她不喜歡新鮮的事物,不喜歡挑戰,沒有太大的野心,喜歡安逸,可能有些類似許三多,每到一個新環境,她都很難適應,都如同刀山火海滾了一遭般,一旦適應了她又不喜歡更換。
在不影響自己布局的前提下,這樣的‘總部’,離母親近一些,她喜歡在安順街生活,那就讓她在這安心的生活。
如果在這個大院開一個面對著安順街的后門,那她只需要走路幾分鐘,即可走到‘鮮時光’,走到她位于老房子的二樓家中。
魏濤沒有說這個原因,估計說出來,可能也沒幾個人相信,看著面前的母親和大姨四姨,他不反駁,只是告訴母親,到時候五樓我們自己住,樓頂我們跟規劃部門聯系一下,蓋一些屬于我們私家的東西,跟五樓上下暢通的別墅、泳池、花園。

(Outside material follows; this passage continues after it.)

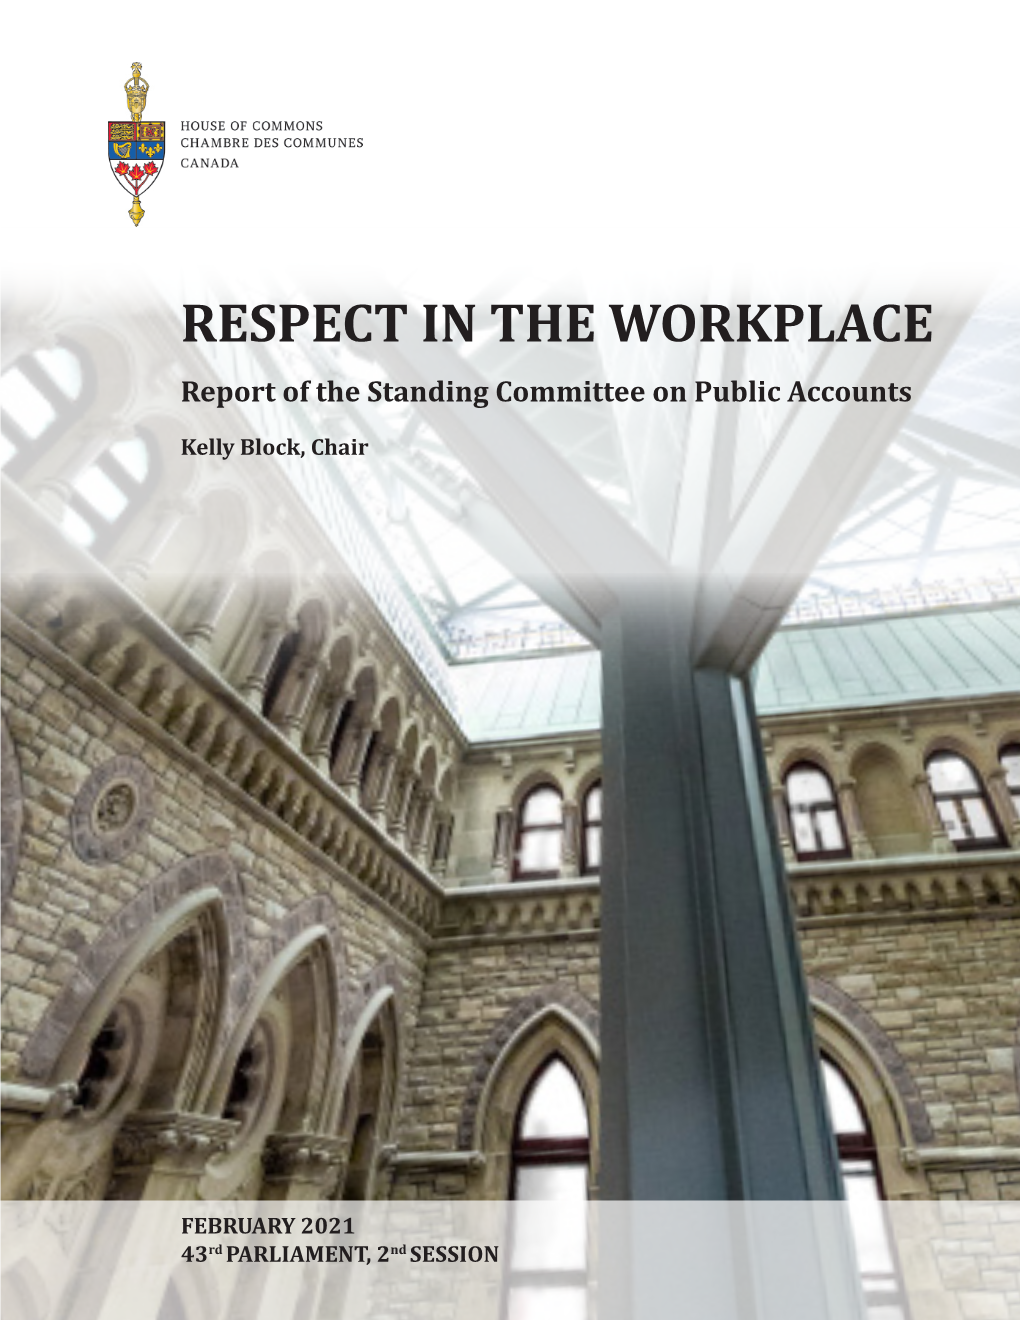 RESPECT in the WORKPLACE Report of the Standing Committee on Public Accounts

那畫面描述出來,周興蓮不禁喉嚨部位下意識吞咽了一下,一旁的周興蓉和周興菊也是一時之間語塞,那畫面想都不敢想,將別墅給建在五層建筑之上,這想法太獨特了。
“兒子,那錢也太多了,每年那么高的利息……”周興蓮眉宇之間滿是憂慮之色,她是真擔心兒子會因此沾染上麻煩。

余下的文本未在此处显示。